# Temporal Enterprise Deployment Strategy for Engram Platform
Executive Summary
This document outlines Zimax Networks LC's strategy for deploying Temporal OSS in customer Kubernetes environments (dev/test/UAT/prod). Temporal is central to Engram's success as the durable execution "Spine" layer, requiring dedicated resources and expertise.
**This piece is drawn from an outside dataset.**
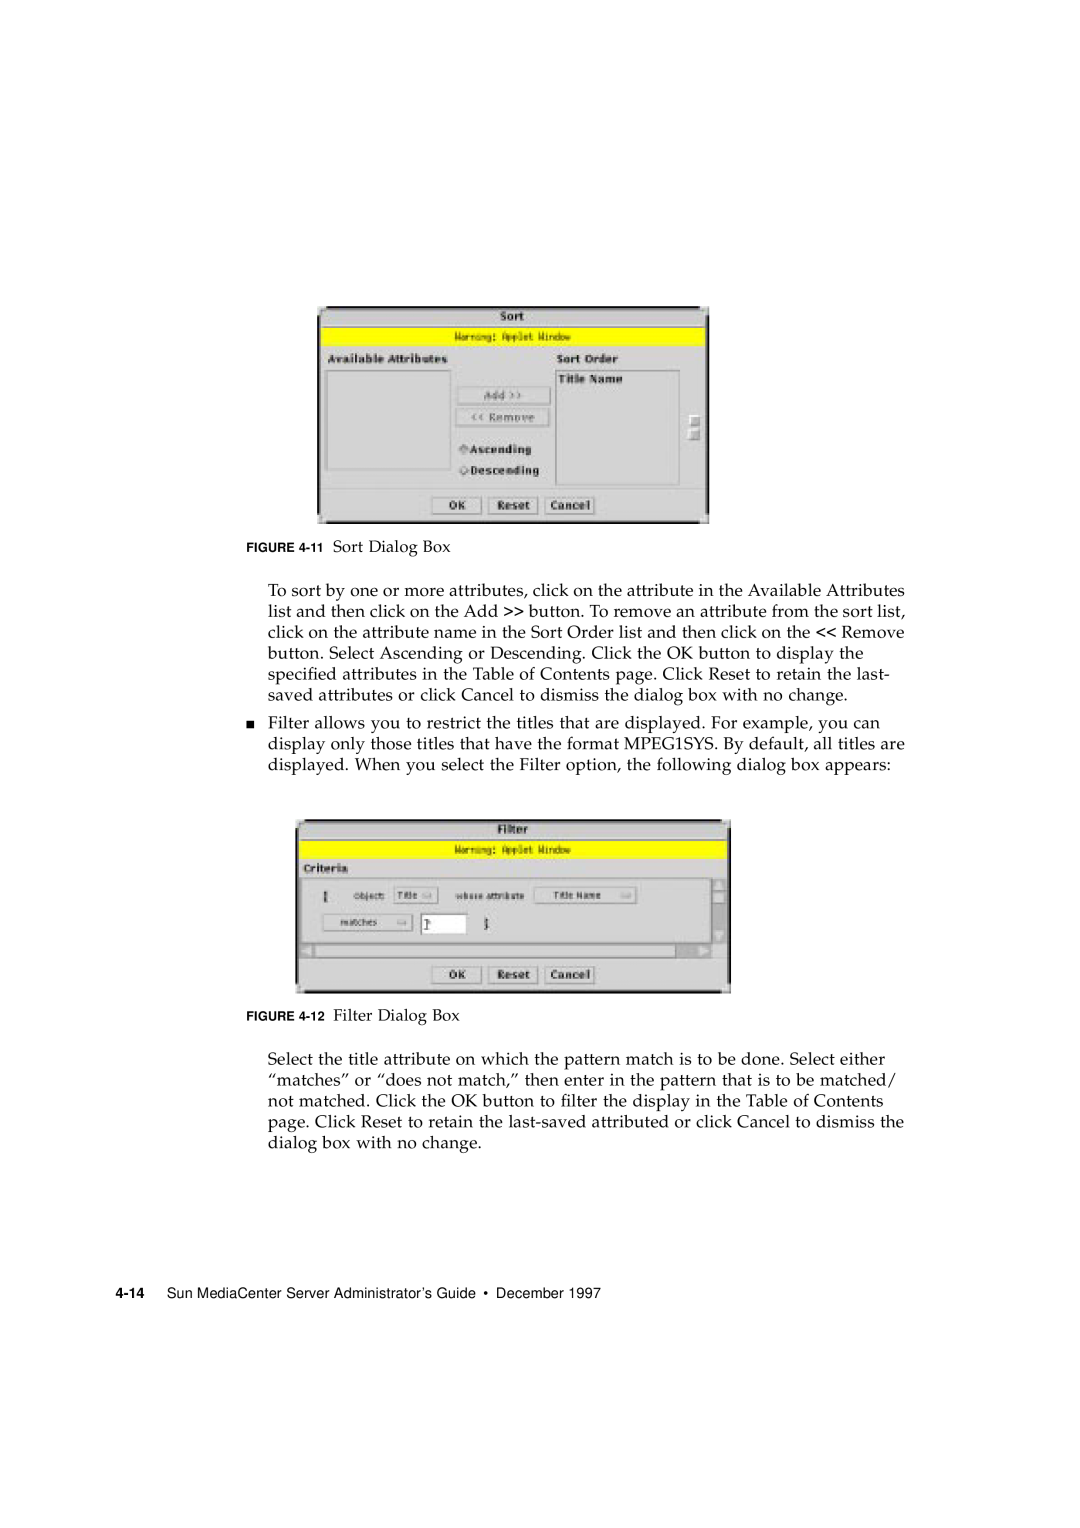 Sun Microsystems 2.1 manual 11 Sort Dialog Box, 12 Filter Dialog Box, Sun MediaCenter Server Administrator’s Guide December

This plan addresses enterprise requirements including immutable history shard configuration, customer-managed key encryption, and NIST AI RMF compliance.
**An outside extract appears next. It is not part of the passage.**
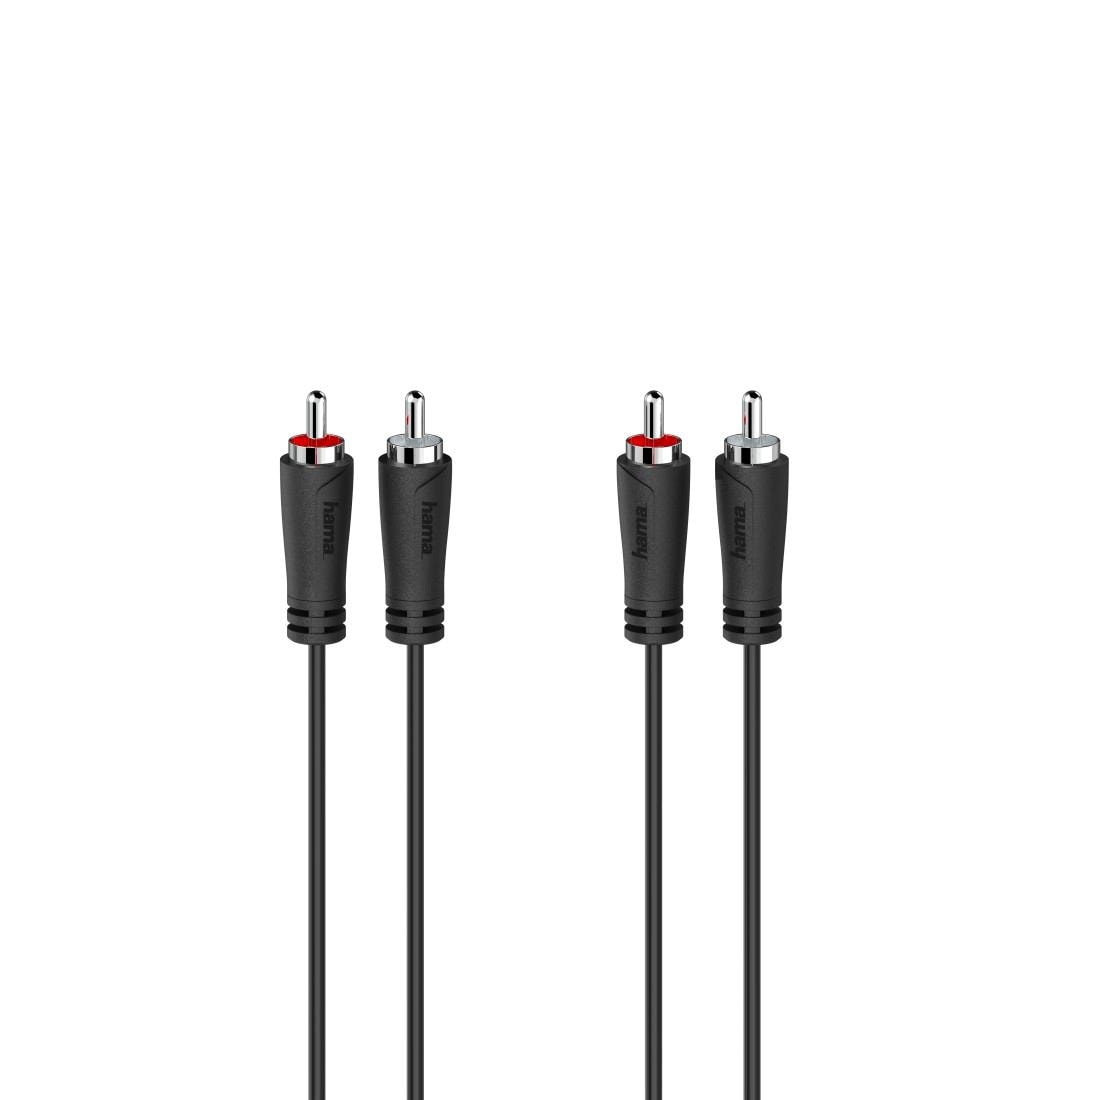 Hama Audio-Kabel »Audio Kabel, 2 Cinch Stecker, 3,0 m«, Cinch, 30 cm

**Key Decision**: Temporal OSS (not Cloud) for customer environments to enable:
- Full control over data encryption with customer-managed keys
- Custom RBAC and SSO integration
- Compliance with customer-specific security requirements
- Cost optimization through right-sizing (vs. consumption-based Cloud pricing)
Table of Contents
- [1. Temporal OSS vs Temporal Cloud: Enterprise Comparison](#section1)
- [2. History Shard Count: Immutable Configuration Strategy](#section2)
- [3. Data Encryption: Customer-Managed Keys with Codec Server](#section3)
- [4. Kubernetes Deployment with Helm Charts](#section4)
- [5. NIST AI RMF Compliance Integration](#section5)
- [6. Operational Responsibilities](#section6)
- [7. Implementation Roadmap](#section7)
- [8. Risk Mitigation](#section8)
- [9. Success Metrics](#section9)
- [10. Next Steps](#section10)
1. Temporal OSS vs Temporal Cloud: Enterprise Comparison
Feature Comparison Matrix
Feature
Temporal OSS (Self-Hosted)
Temporal Cloud
Engram Requirement
**RBAC**
Custom plugin required
Built-in
✅ Required - Custom integration with Entra ID
**SSO/SAML/SCIM**
Custom implementation
Included in Enterprise
✅ Required - Customer-specific SSO
**Compliance**
Internal implementation (SOC 2, HIPAA)
SOC 2 Type II, HIPAA included
✅ Required - Customer-specific compliance
**Private Link**
Manual setup
Managed
✅ Required - Customer VNet integration
**Service Accounts/API Keys**
Custom implementation
Managed
✅ Required - Customer-managed keys
**Audit Logging**
Custom implementation
Centralized, built-in
✅ Required - Customer audit requirements
**Cloud Availability**
Manual configuration (AWS/GCP/Azure)
Seamless integrations
✅ Required - Customer's cloud choice
**MRN Support**
Complex setup with Replicated Namespaces
Fully managed
✅ Required - Multi-region for enterprise
**On-Call Support**
Zimax Networks LC team
24x7 Temporal support
✅ Zimax Networks LC provides support
**Data Encryption**
Custom Data Converter + Codec Server
Managed (limited customization)
✅ **CRITICAL** - Customer-managed keys required
**History Shard Count**
Immutable after creation
Managed by Temporal
✅ **CRITICAL** - Must plan correctly upfront
Decision Rationale for OSS
**Why Temporal OSS for Customer Environments:**
- **Customer-Managed Keys (CMK)**: Required for security assessments. Temporal Cloud's encryption is managed; OSS allows full control via Data Converter + Codec Server.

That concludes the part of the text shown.